Of the 223 IBIs reported, 187 (83.9%) corresponded to previously healthy patients (median age=19 months) and 165 (74%) were well appearing. The most common diagnoses were occult bacteraemia [60 (26.9%)] and sepsis [56 (25.1%)]. The most frequent pathogens were Streptococcus pneumoniae [68 (30.5%)] and Neisseria meningitidis [42 (18.8%)]. Four (1.8) patients died (S. pneumoniae, 2) and eight (3.5%) had sequelae (S. pneumoniae, 5). The diagnoses and clinical characteristics of the children varied significantly depending on the isolated pathogen.
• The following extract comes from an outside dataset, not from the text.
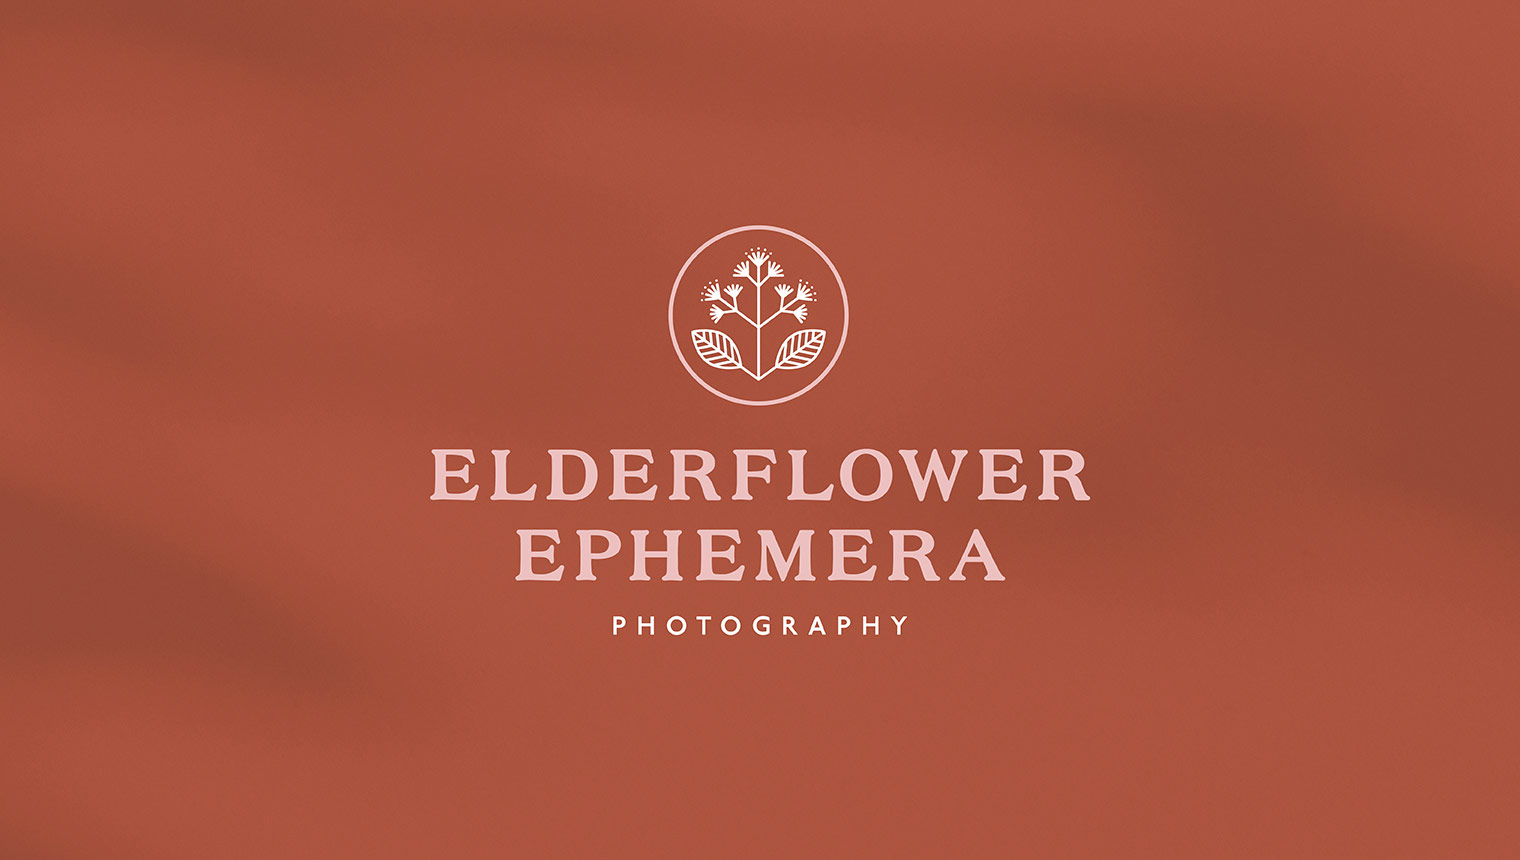 Vintage inspired logotype featuring floral emblem for film photographer elderflower ephemera

Duration of fever less than 24 h, symptoms other than fever and not being well-appearing upon arrival to the emergency department were independent risk factors for greater severity (area under the receiver operating characteristics curve=0.805; 95% confidence interval: 0.741-0.868).

CONCLUSION

IBIs are commonly diagnosed in previously healthy and well-appearing young children. S. pneumoniae was responsible for the majority of deaths or sequelae. Short duration of fever, symptoms other than fever and not being stable on arrival are associated with greater severity.

摘要

背景

确定小儿侵袭性细菌感染(IBI)的特征对于早期识别需要立即进行抗生素治疗的儿童至关重要。主要目的是描述 14 岁以下儿童 IBI 的急诊表现。

患者和方法

这是一项前瞻性基于登记的队列研究,纳入了 2008 年至 2015 年期间在儿科急诊部门诊断为确诊 IBI(培养或聚合酶链反应的基因组检测)的所有 14 岁以下患者。严重程度标准为:死亡、后遗症或入住重症监护病房。

结果

报告的 223 例 IBI 中,187 例(83.9%)为既往健康患者(中位年龄=19 个月),165 例(74%)表现良好。最常见的诊断为隐匿性菌血症[60 例(26.9%)]和败血症[56 例(25.1%)]。最常见的病原体为肺炎链球菌[68 例(30.5%)]和脑膜炎奈瑟菌[42 例(18.8%)]。4 例(1.8%)患者死亡(肺炎链球菌 2 例),8 例(3.5%)有后遗症(肺炎链球菌 5 例)。患儿的诊断和临床特征因分离病原体而异。发热持续时间<24 h、发热以外的症状和就诊时表现不佳是严重程度增加的独立危险因素(受试者工作特征曲线下面积=0.805;95%置信区间:0.741-0.868)。

结论

健康且表现良好的幼儿中常见 IBI 诊断。肺炎链球菌是导致大多数死亡或后遗症的主要病原体。发热持续时间短、发热以外的症状和就诊时不稳定与严重程度增加相关。